Enzymatic deconstruction of plant biomass by fungal enzymes.
Christian P Kubicek, Eva M Kubicek
Author Information
Christian P Kubicek: Vienna University of Technology, Institute of Chemical Engineering, Getreidemarkt 9/166.5, 1060 Vienna, Austria. Electronic address: peter.kubicek@tuwien.ac.at.
Eva M Kubicek: Vienna University of Technology, Institute of Chemical Engineering, Getreidemarkt 9/166.5, 1060 Vienna, Austria.

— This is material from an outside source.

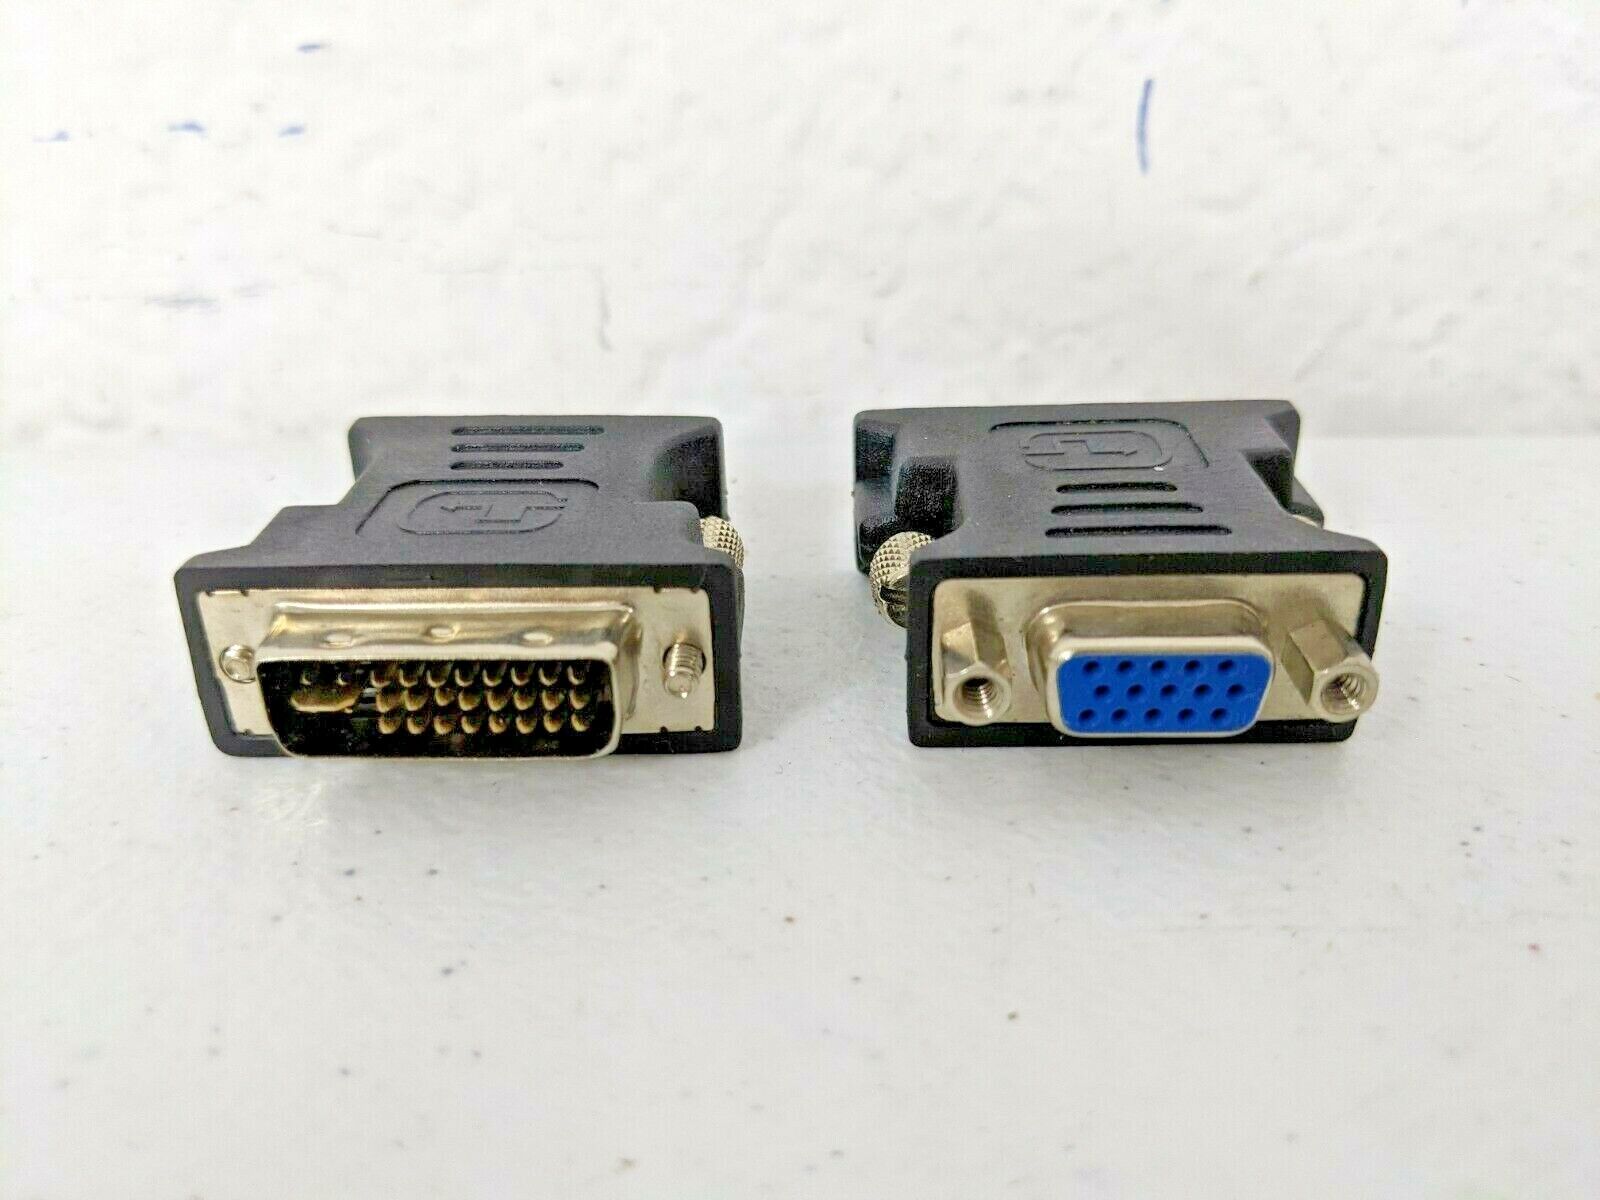 VGA Female to DVI-I (Dual Link) Male Adapter 2-Pack - NEW, US SELLER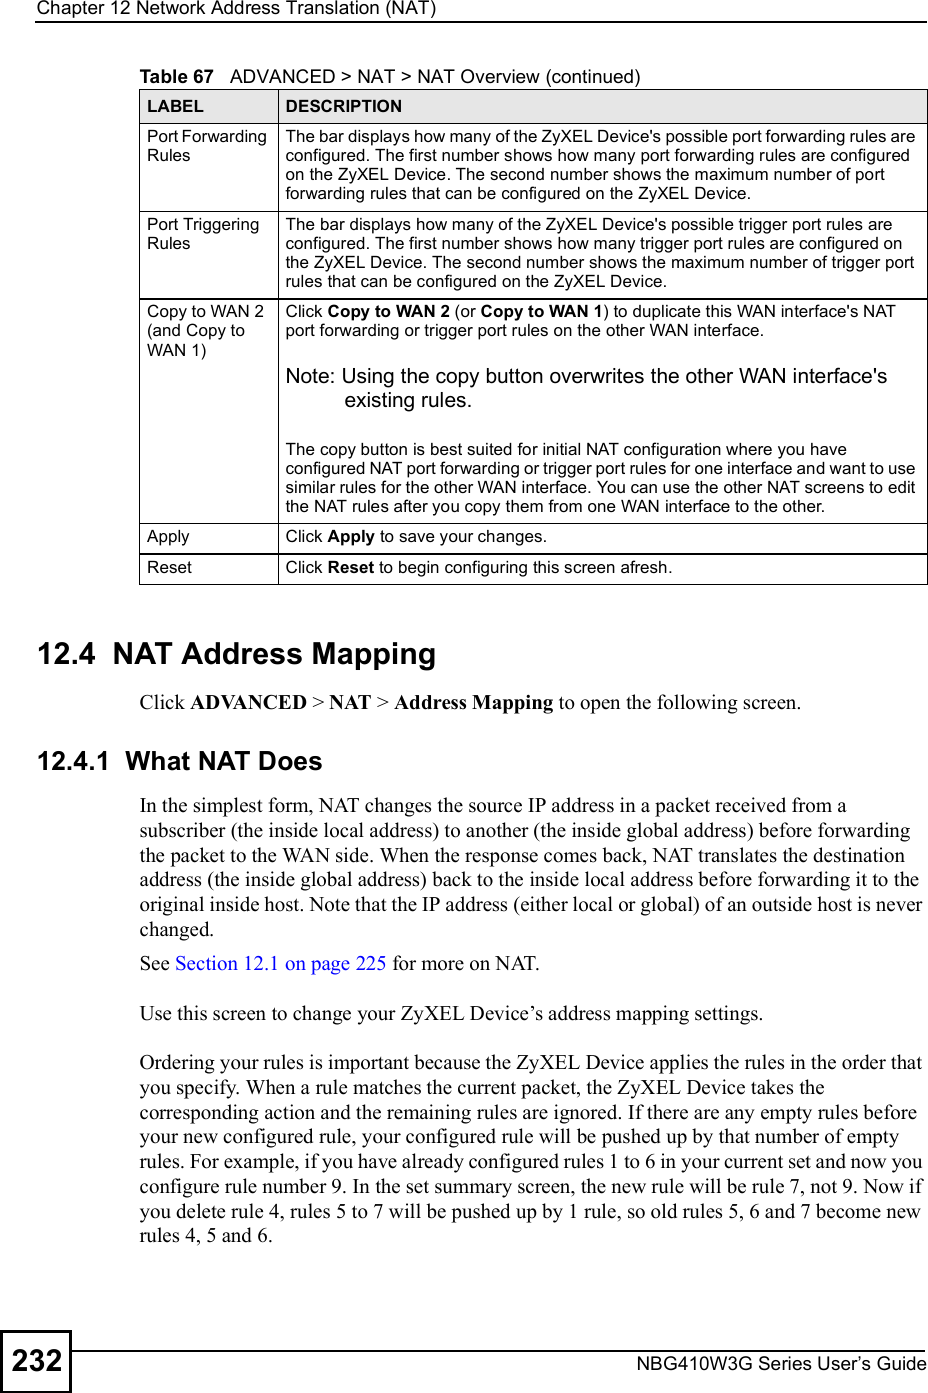 Chapter 12Network Address Translation (NAT)NBG410W3G Series User s Guide23212.4  NAT Address Mapping   Click ADVANCED &gt; NAT &gt; Address Mapping to open the following screen. 12.4.1  What NAT DoesIn the simplest form, NAT changes the source IP address in a packet received from a subscriber (the inside local address) to another (the inside global address) before forwarding the packet to the WAN side. When the response comes back, NAT translates the destination address (the inside global address) back to the inside local address before forwarding it to the original inside host. Note that the IP address (either local or global) of an outside host is never changed.See Section 12.1 on page 225 for more on NAT.Use this screen to change your ZyXEL Device!s address mapping settings.  Ordering your rules is important because the ZyXEL Device applies the rules in the order that you specify. When a rule matches the current packet, the ZyXEL Device takes the corresponding action and the remaining rules are ignored. If there are any empty rules before your new configured rule, your configured rule will be pushed up by that number of empty rules. For example, if you have already configured rules 1 to 6 in your current set and now you configure rule number 9. In the set summary screen, the new rule will be rule 7, not 9. Now if you delete rule 4, rules 5 to 7 will be pushed up by 1 rule, so old rules 5, 6 and 7 become new rules 4, 5 and 6. Port Forwarding RulesThe bar displays how many of the ZyXEL Device&apos;s possible port forwarding rules are configured. The first number shows how many port forwarding rules are configured on the ZyXEL Device. The second number shows the maximum number of port forwarding rules that can be configured on the ZyXEL Device.Port Triggering RulesThe bar displays how many of the ZyXEL Device&apos;s possible trigger port rules are configured. The first number shows how many trigger port rules are configured on the ZyXEL Device. The second number shows the maximum number of trigger port rules that can be configured on the ZyXEL Device.Copy to WAN 2 (and Copy to WAN 1)Click Copy to WAN 2 (or Copy to WAN 1) to duplicate this WAN interface&apos;s NAT port forwarding or trigger port rules on the other WAN interface.Note: Using the copy button overwrites the other WAN interface&apos;s existing rules.The copy button is best suited for initial NAT configuration where you have configured NAT port forwarding or trigger port rules for one interface and want to use similar rules for the other WAN interface. You can use the other NAT screens to edit the NAT rules after you copy them from one WAN interface to the other.Apply Click Apply to save your changes.Reset Click Reset to begin configuring this screen afresh.Table 67   ADVANCED &gt; NAT &gt; NAT Overview (continued)LABEL DESCRIPTION

Lignocellulosic plant biomass is the world's most abundant carbon source and has consequently attracted attention as a renewable resource for production of biofuels and commodity chemicals. Still the process is economically not fit enough to compete with then use of fossil resources, and the costs associated with enzymatic hydrolysis and product recovery are the major obstacle. The discovery of the role of non-hydrolytic enzymes in lignocellulose hydrolysis has recently contributed significant improvements to hydrolysis but also added new challenges to the biomass to ethanol process. Transfer of the new insights to the industrial scale and shaping the enzymes to tolerate associated adverse conditions has now shown first success, thus optimizing the economy of cellulosic ethanol (or other biofuel) production.